1860 ile 1970 yılları arasında bir varil ham petrolün fiyatının evrimi (Kaynak: Diario Público)

Üst sınıflar için bir elektrikli araç

Kısacası, Henry Ford çok şey yaptı Elektrikli araçların hakimiyetine son vermek. Ancak, uzun vadeli evrimine olanak sağlayacak altyapı eksikliği ve otonomluk açısından uzun vadeli bir vizyonun eksikliği, içten yanmalı motoru geçen yüzyılın ve bugün de ana kahraman haline getiren nedenlerdi.

Buna, elektrikli aracın zengin bir sınıf için ortaya çıktığını da eklemeliyiz. Yüksek maliyetlerini karşılayabilen tek sınıf. Ancak, Ford fabrikalarında uygulanan üretim maliyetlerindeki düşüşle birlikte, araçlar yavaş yavaş Amerika’daki ve dünyanın geri kalanındaki üst sınıfların evlerine girmeye başladı.

Elektrikli araç ve İspanya: Kısa ama tutkulu bir aşk

Elektrikli araç ve İspanya arasındaki ikili ilişki, daha az yaygın olmasına rağmen, aynı derecede ilginçtir. İspanya’nın bu otomotiv kroniğinde öne çıkan bir isim varsa, o da 1889’da Paris’teki Uluslararası Sergi’yi ziyaret ettikten sonra bu tür araçları ülkeye tanıtmaya çalışan Emilio de la Cuadra‘dır.

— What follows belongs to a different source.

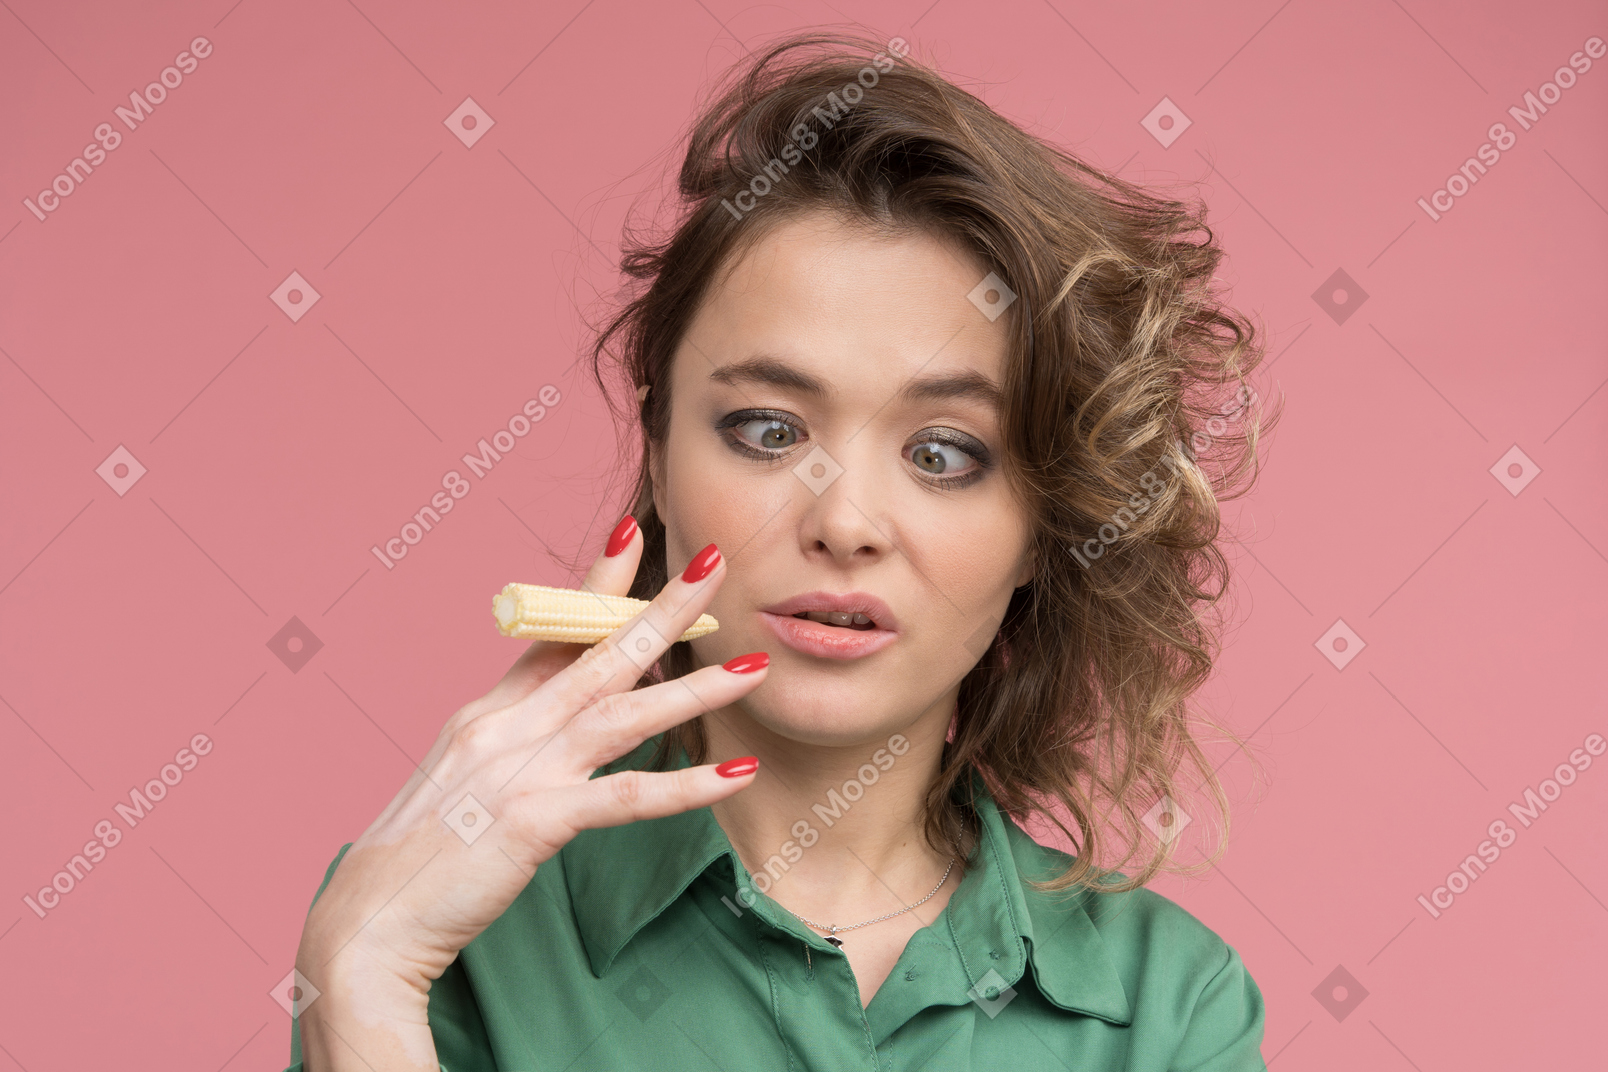 Woman being affected with a cigar smoking

De la Cuadra, özellikle Paris ve Bordeaux arasında 1.200 km yol kat eden ünlü elektrikli yarış arabalarından birini izledikten sonra kendisini hayrete düşüren teknolojinin kendi ülkesine de getirilmesi gerektiğine karar verdi ve bu nedenle sahibi olduğu elektrik şirketini satarak 1898‘de Compañía General de Coches-Automóviles Emilio de la Cuadra‘yı kurmaya karar verdi. Bir kamyon, bir araba ve bir otobüse dayalı elektrikli araç prototipleri inşa ettiği bir yılın ardından, Don Emilio’nun macerası teknolojik, maddi ve ekonomik kaynakların yetersizliği nedeniyle sona erdi ve girişimini içten yanmalı motora yöneltti. 1901 yılında şirket kapılarını kapattı ve elektrikli araçlarla İberya ülkesi arasındaki kısa ama yoğun aşk da sona erdi.